RhubcakebigeyepicsThis is a short and sweet blog post. Short because I’ve got a tonne of design and magazine work on my desk craving for my attention and sweet because there’s a cake recipe involved.

Like a lot of kids who grew up in 1970’s Britain I’m not a huge fan of rhubarb. My Bajan Mum didn’t cook traditional English puddings so when I experienced my first school pud covered in lashings of creamy custard I was instantly smitten…that is of course until the day we had rhubarb and custard. And my first impressions?….What?… Why?!…. What the heck is this?! I made a mental note to self and learned to pass on pudding the next time it reared it’s sour although deceptively pretty pink head.

Fast forward more years than I care to mention and apart from the rare occasion when I dipped back into my childhood with the odd (sugar encrusted) rhubarb and custard sweet from the local pick ‘n mix I haven’t gone near rhubarb again.
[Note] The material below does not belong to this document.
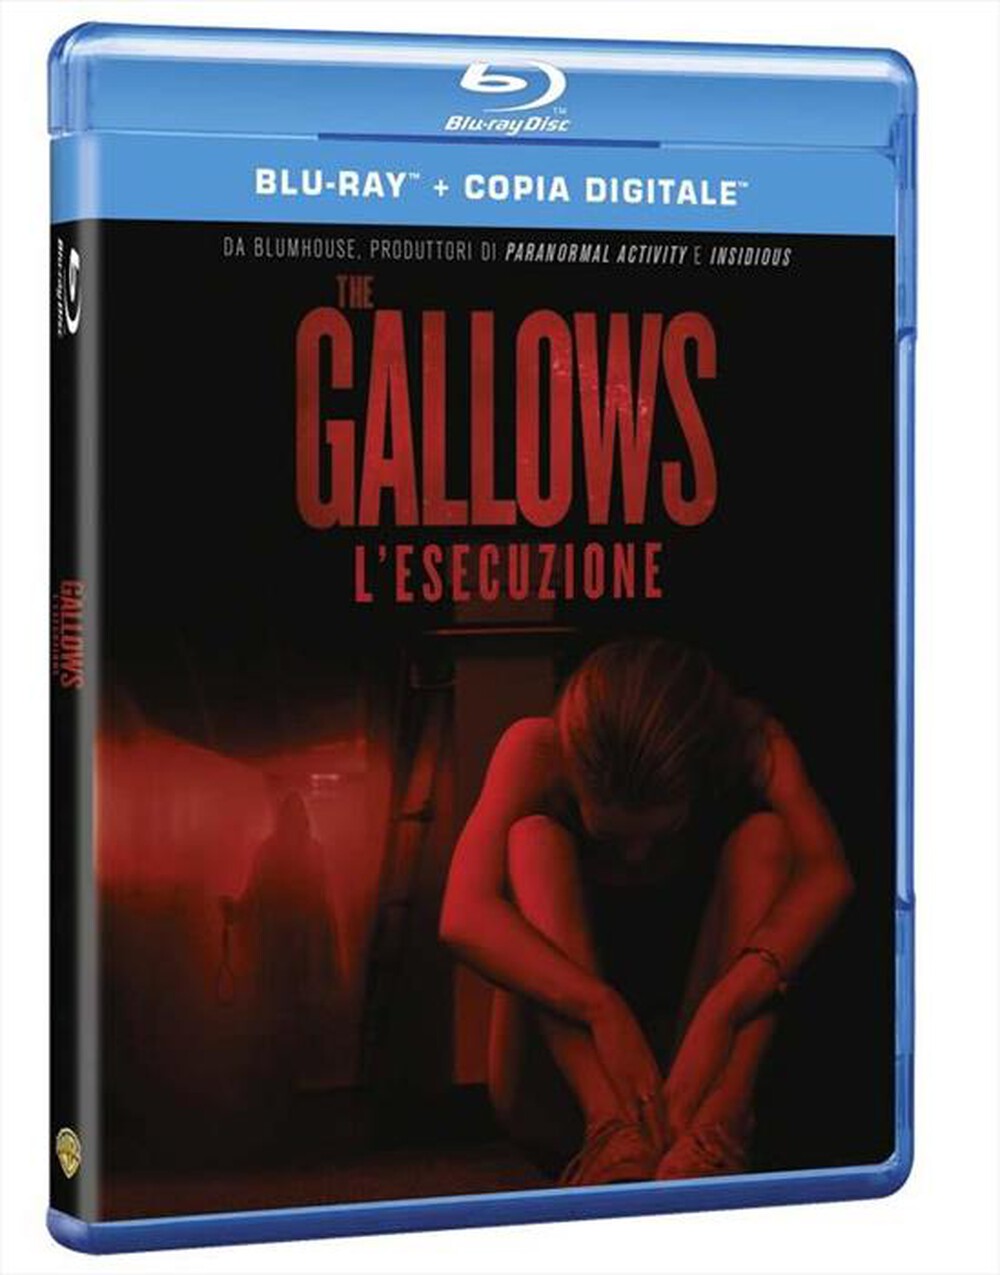 "WARNER HOME VIDEO - Gallows (The) - L'Esecuzione"

That is until a couple of years ago when Sam & I were at the Brighton Foodies Festival and came across a stall selling a rhubarb gin liquer. It may be that my palette has matured or perhaps that now as an adult I’m a regular gin drinker but even I was a convert. So this week when I was visiting a friend who’d been given a handful of homegrown rhubarb but no idea what to do with it the greedy cow in me thought, ‘well I hate the stuff but I’m not seeing that lot go to waste’. I did think of going the rhubarb gin liquer route but to be honest I didn’t have the patience to wait for the results so instead, with the memory of that morning’s hardcore 500-calorie-burning spin class still in my head, of course  I decided cake was the way to go.
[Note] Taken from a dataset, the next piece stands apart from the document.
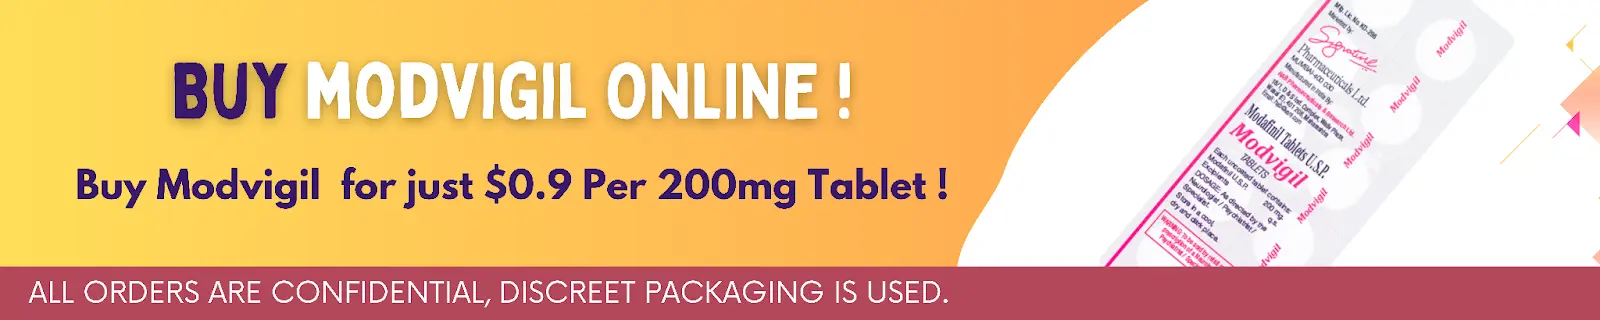 Grasp Modvigil 200 mg with fast shipping and free delivery

I decided on Sarah Cook’s Rhubarb Crumble Cake on the BBC Good Food website. Ths was mainly because I already had every ingredient in my store cupboard but having made it I’d probably tweak it by adding a teaspoon of cinnamon to the main cake mix rather than just to the crumble topping. I also thought, as I was munching my way through my second slice, that given my normal disdain for rhubarb that I’d like to try it with other fruit like raspberries or even pears.
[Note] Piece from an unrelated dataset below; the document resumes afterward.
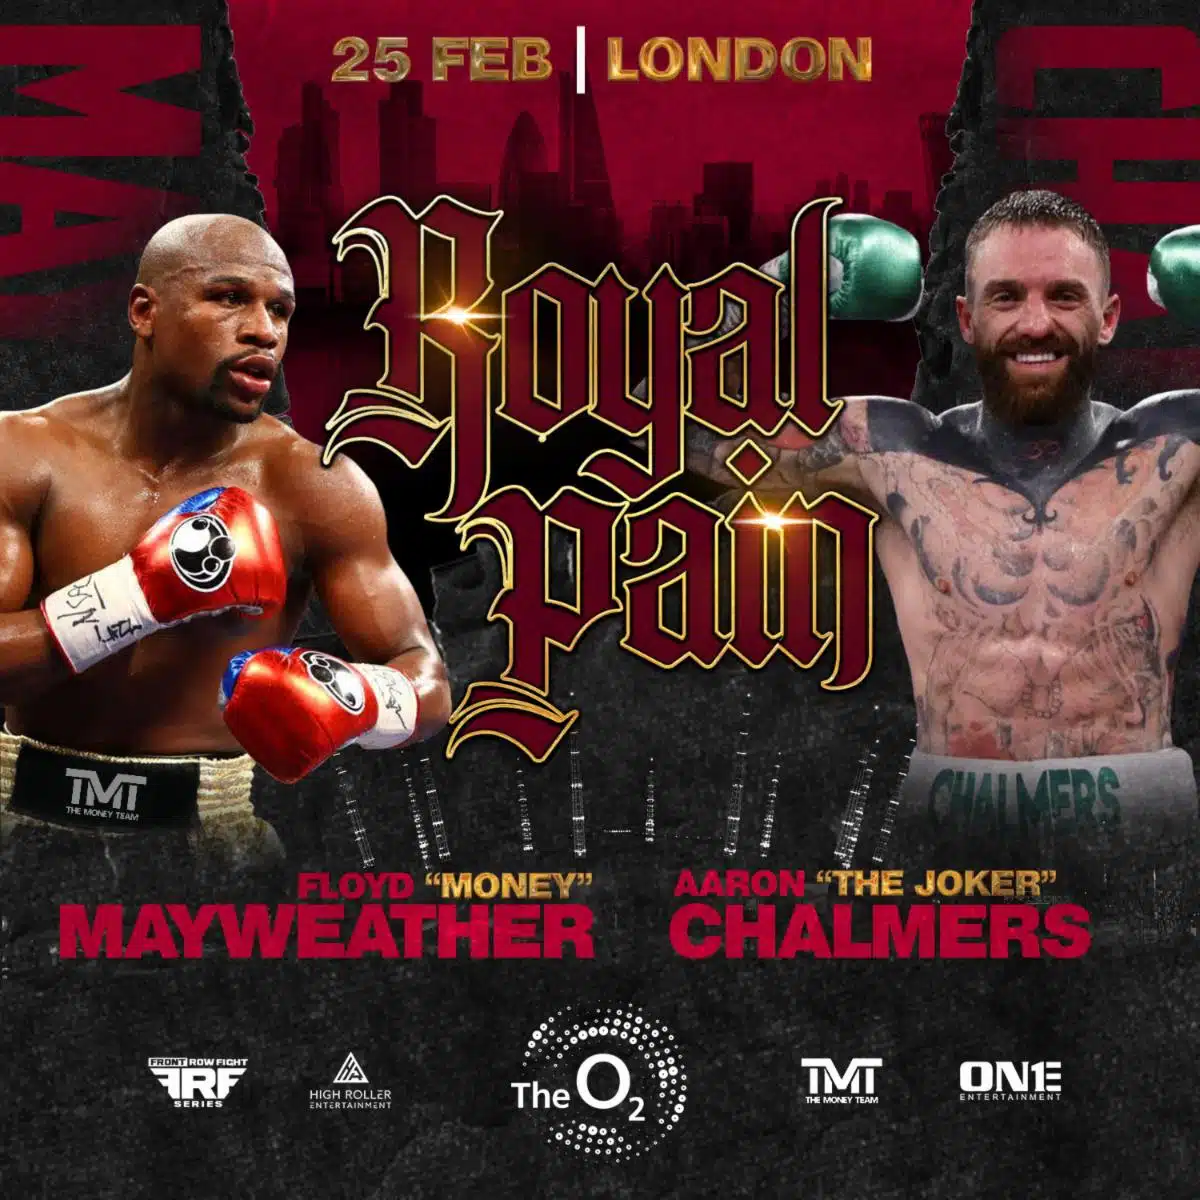 Floyd Mayweather To Make UK Debut On Feb. 25 – Against A Reality TV Star

So here my lovelies is the original recipe. As Sam remarked when he tasted it, it’s more of a grown up cake as it’s not overly sweet which counters the sour of the rhubarb perfectly.

That said next time I get offered fresh rhubarb I think I’ll be making the gin liquer…

 

J x

 

Rhubarb crumble cake by Sarah Cook (the link to the original recipe is here)

Prep time : 25 MINS

Cooking time : 1 HR, 15 MINS (Mine took an extra 10 mins so check after an hour and cover if necessary)

Number of portions: Cuts into 8 slices (to be honest this depends on how greedy you are)

Ingredients

  • 250g pack of butter, softened
  • 250g golden caster sugar, plus 1 tbsp
  • 2 tsp vanilla extract
  • 5 large eggs
  • 300g plain flour, plus 7 tbsp
  • 2 tsp baking powder 
  • 1 tsp ground cinnamon
  • 300g rhubarb, washed, trimmed and finely sliced

 

Method

  • Heat oven to 160C/140C fan/gas 3 and grease and line the base and sides of a deep 20cm round cake tin with a little of the butter and baking parchment. Put the butter, 250g sugar and vanilla into a big mixing bowl. Beat until light and fluffy with an electric whisk.
  • Beat in the eggs, one by one, then fold in the 300g flour and baking powder. Spoon out 85g of the batter, and stir the extra 7 tbsp flour and cinnamon into this with a cutlery knife so it becomes crumbly.
  • Fold the rhubarb into the rest of the cake batter and scrape into the prepared tin. Scatter over the crumble mix followed by 1 tbsp sugar. Bake for 1 hr 15 mins, until a skewer poked in comes out clean – you’ll need to lay a sheet of foil on top after an hour if the cake is browning too much. Cool for 15 mins in the tin, then finish on a wire rack.